Locke's individualism is clarified by exploring his attitude toward work and property. C.B. Macpherson, one of Locke's most influential recent expositors, is correct to stress that Locke favored the accumulation of property. Although a possessive individualist, Locke did not favor unlimited accumulation, however, as Macpherson asserts. Neither did he believe that the poor are irrational. Another important author on Locke, John Dunn, rightly emphasizes Locke's use of the notion of a “calling.” He interprets it in an overly theological way which ignores Locke's secularization of the idea.
Critics of Macpherson have claimed that he ignores Locke's limits to property accumulation. Locke himself withdraws most of these once money has been introduced into an economy. Furthermore, Locke believed that, although natural law was still in effect once society had been instituted, people might voluntarily surrender some of their natural rights in order to promote their prosperity. Thus Macpherson is correct to point out that Locke favored accumulation. He did not believe in unlimited accumulation and in fact condemns it in his writings on education. Macpherson's claim that Locke thought the poor were necessarily irrational is also incorrect. Macpherson tends to dismiss Lock's views on religion, regarding them as having been advanced for the purpose of keeping the poor in check. In point of fact Locke devoted extensive time to his religious works and took them seriously.
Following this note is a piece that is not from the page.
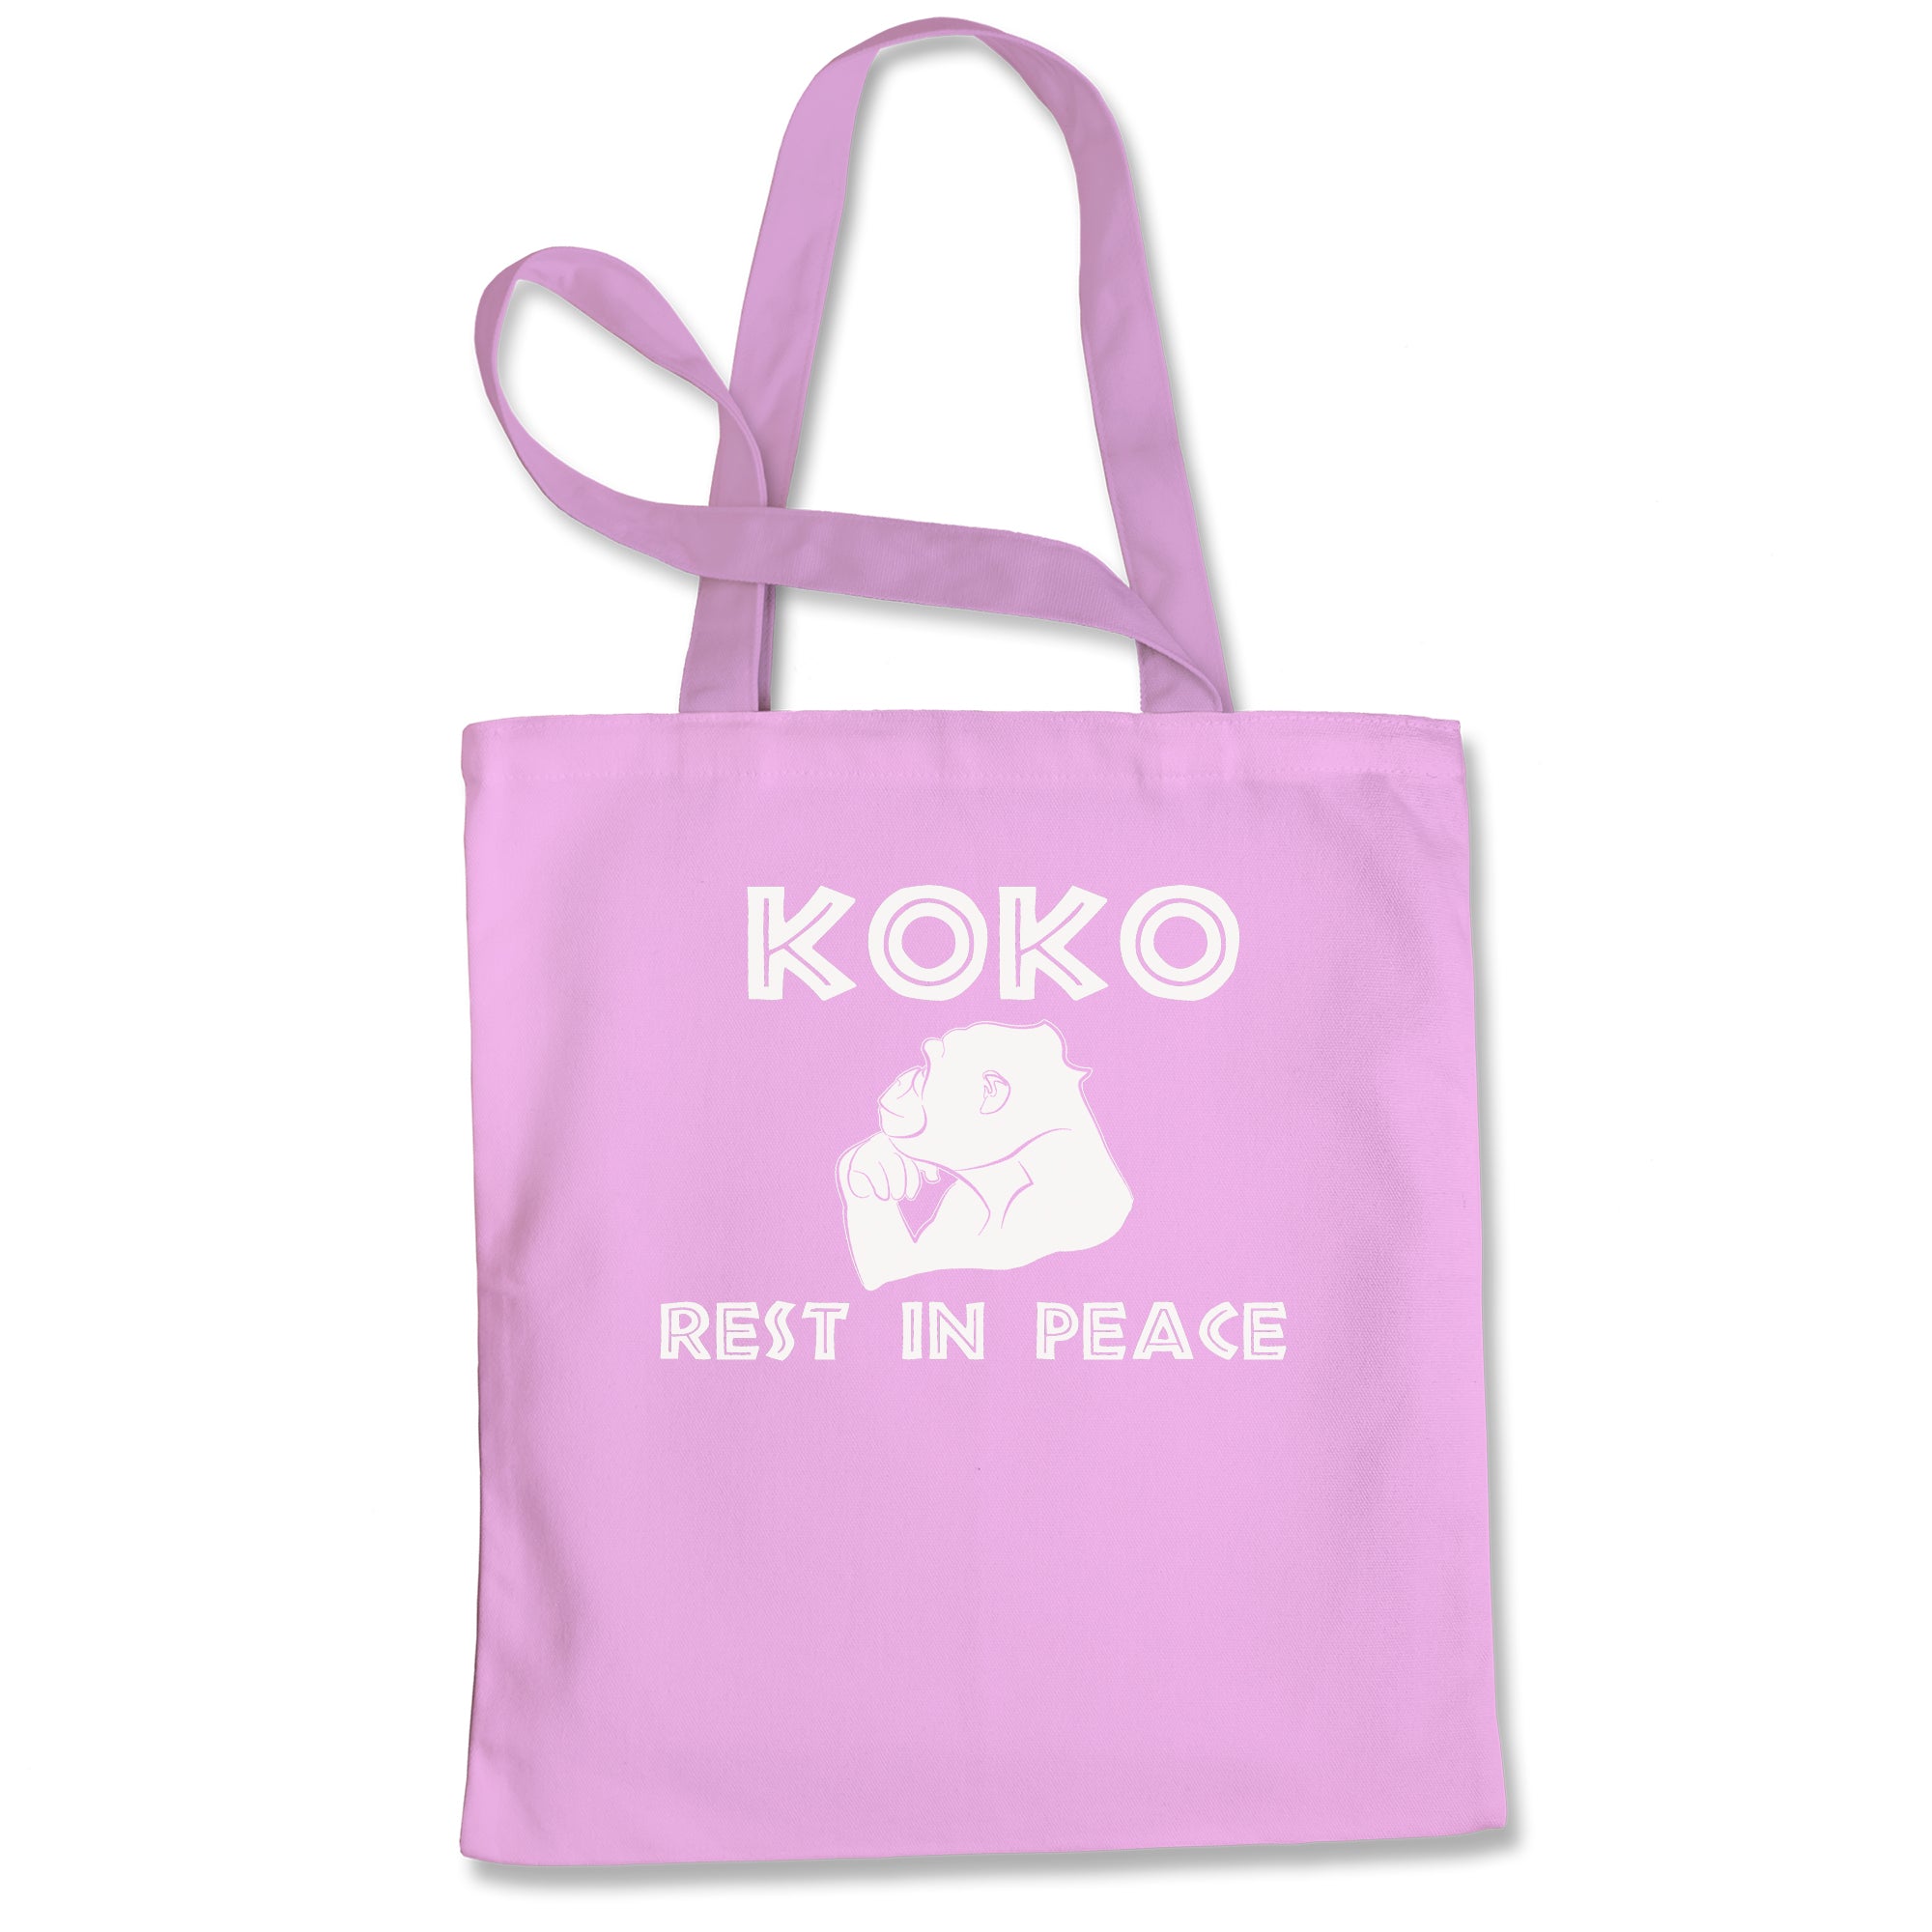 Koko the Talking Gorilla Rest in Peace Tote Bag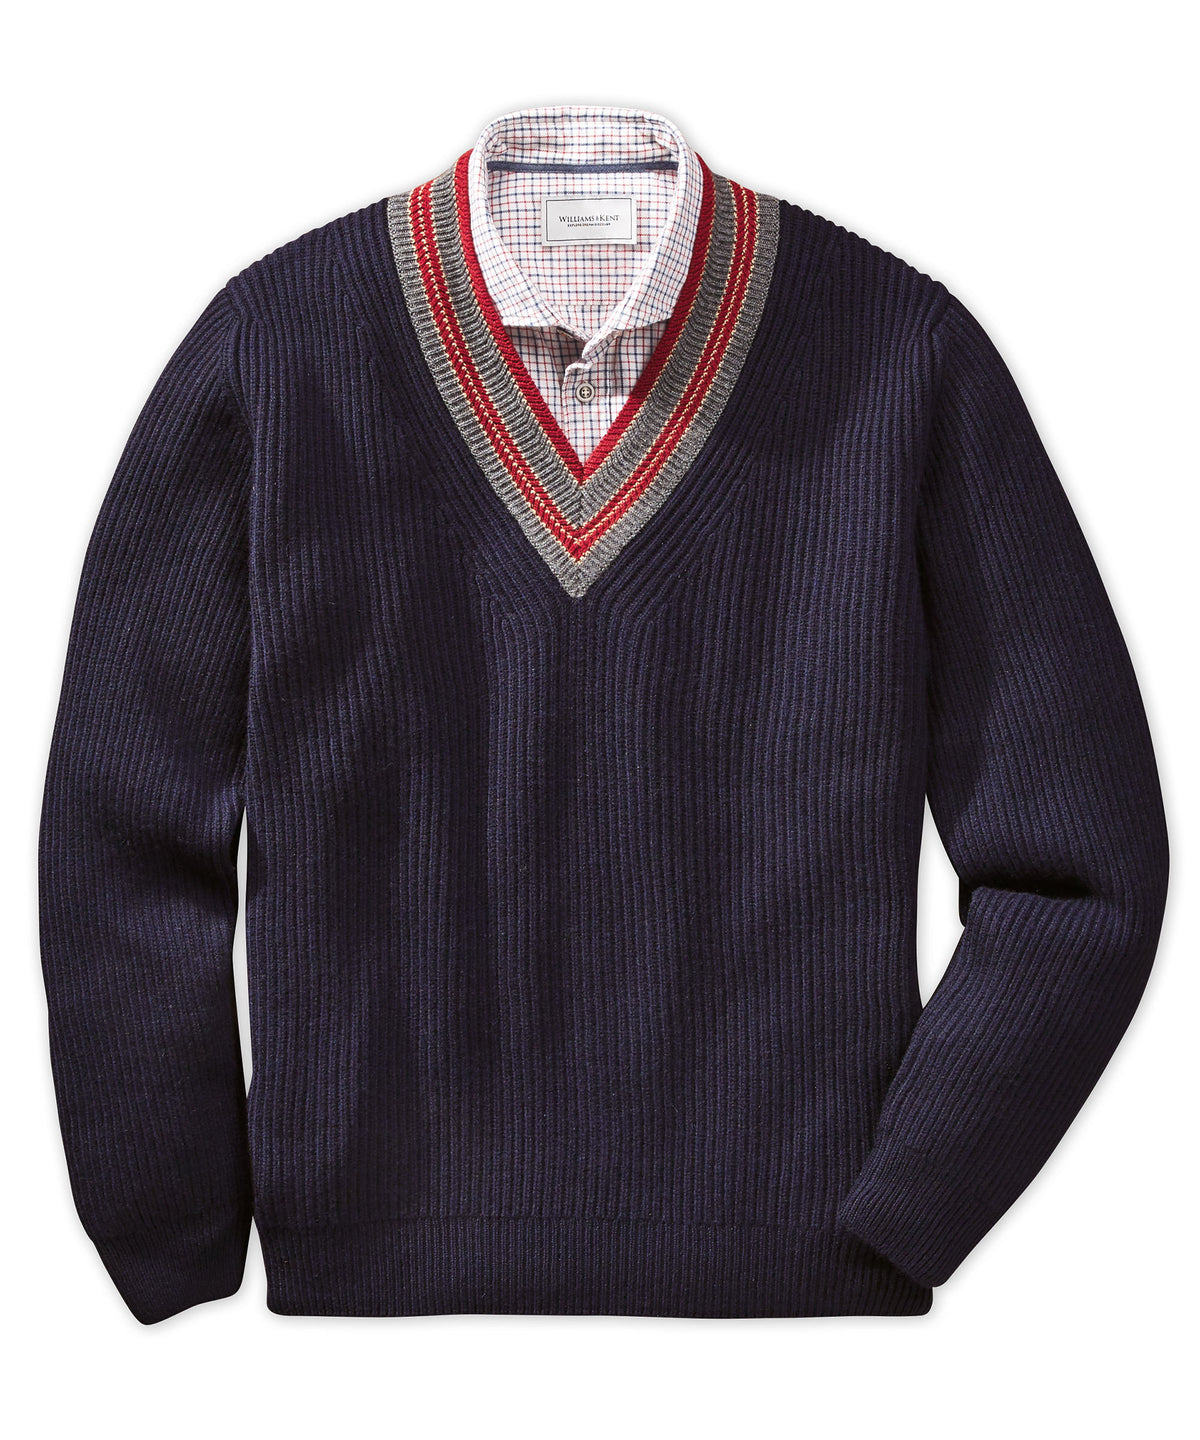 Johnstons of Elgin Scottish Cashmere V-neck Sweater

John Dunn has strongly emphasized Locke's use of “calling,” According to this idea, people had a particular vocation to pursue their economic tasts as a means of advancing their salvation. Dunn tends to ignore the development of a “calling” among the Puritans and understands it in a very strict theological Way. Many of the Puritans themselves secularized the concept of “calling,” placing emphasis on the occupation being pursued more than the mental state of the laborer following the calling. Locke changed this idea even further. He tended to stress worldly success to a great extent, and relegated religion to the realm of a “general calling.” That is to say, Locke tended to distinguish sharply between religious and secular matters. In his concern with both, he can be seen as a transitional figure.